# PI Day

Are you ready to cut into some $\pi$ (Pi) facts that are both tasty and educational? Let us dive into the world of Pi, which has no end.

Pi Day is March 14th (3/14), and it’s a celebration of $\pi$, the most famous irrational number in math. First off, why celebrate Pi Day? Well, it’s not just an excuse to indulge in pie (though that’s a perfectly valid reason).

Pi, approximately equal to 3.14159, is **the ratio of a circle’s circumference to its diameter**, a figure that remains constant, regardless of the circle’s size. This simple definition belies the complexity and intrigue of Pi, a number that has no final digit and no pattern to its sequence of numbers.

Pi is not just a mathematical curiosity; it is a fundamental component in the equations that describe the physical universe. From the engineering of bridges to the understanding of the waves, Pi plays a crucial role. It is a cornerstone in the fields of geometry, trigonometry, calculus, physics, and beyond, making it an essential constant in science and engineering.

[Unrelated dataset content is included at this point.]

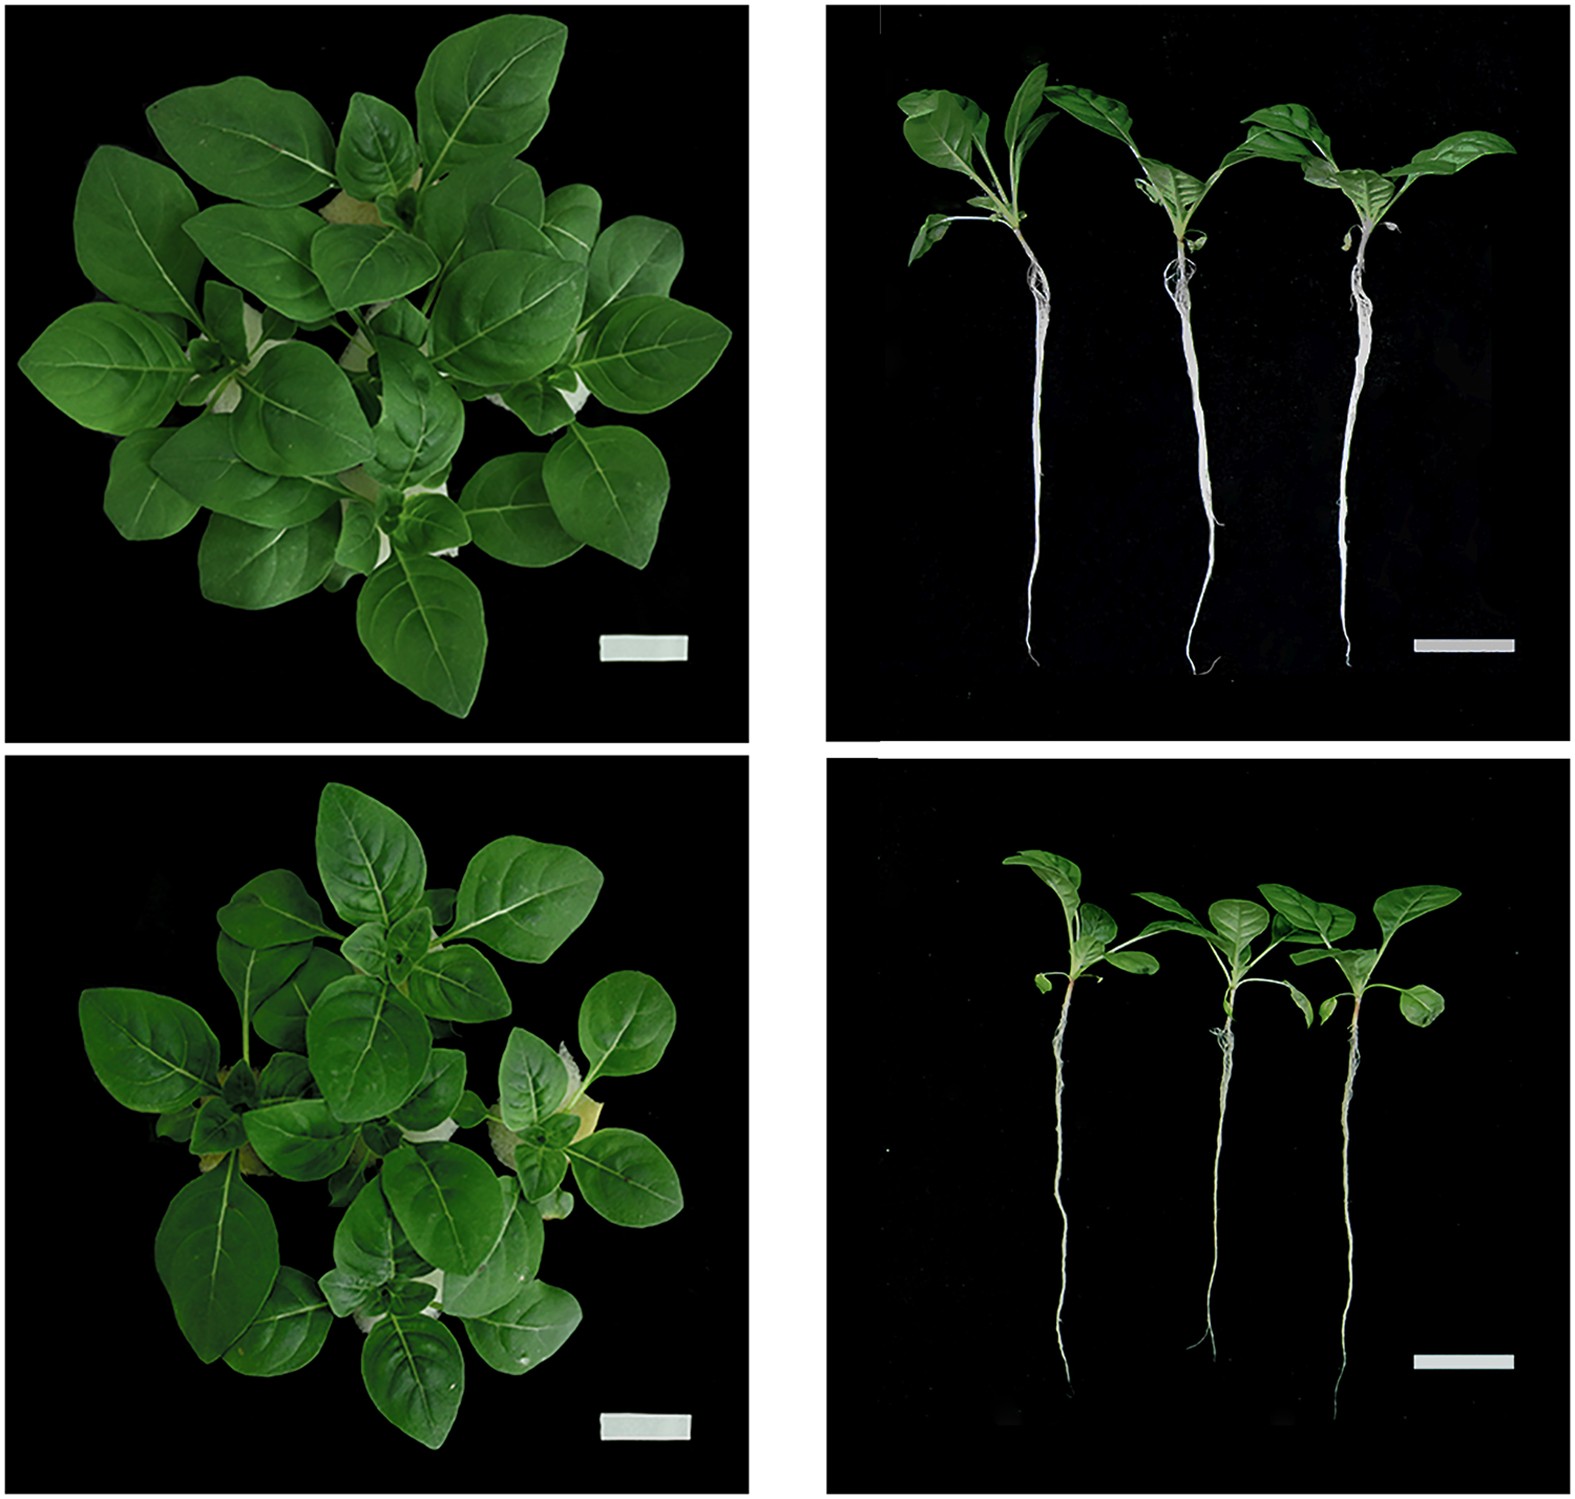 Proteomic analysis on roots of Oenothera glazioviana under copper-stress  conditions | Scientific Reports

## Bellard’s Formula for Pi

In the late 20th century, Fabrice Bellard introduced a remarkable formula for calculating Pi. The Bellard formula is a faster way to compute the digits of $\pi$, particularly beneficial when using binary computers. Bellard’s formula is derived from an earlier formula by Simon Plouffe and can be stated as:

\[\pi = \frac{1}{2^6} \sum_{n=0}^{\infty} \frac{(-1)^n}{2^{10n}} \left( -\frac{2^5}{4n+1} -\frac{1}{4n+3} +\frac{2^8}{10n+1} -\frac{2^6}{10n+3} -\frac{2^2}{10n+5} -\frac{2^2}{10n+7} +\frac{1}{10n+9} \right)\]This formula is particularly ingenious because it allows the calculation of the nth digit of Pi without needing to compute the preceding digits, a method known as “spigot algorithm”.

## A Fun Fact About Pi

One of the most intresting aspects of Pi is its infinite nature.
Pi is an irrational number, meaning it cannot be exactly expressed as a fraction of two integers.
Moreover, its decimal representation is infinite and non-repeating.
**If you search far enough into the digits of Pi, you can find any possible number sequence, including your birthday, phone number, etc.** This phenomenon is a delightful consequence of Pi’s endless and unpredictable sequence.

I Hope you enjoyed this brief exploration of Pi and had a slice of pie to celebrate Pi Day!

– Ali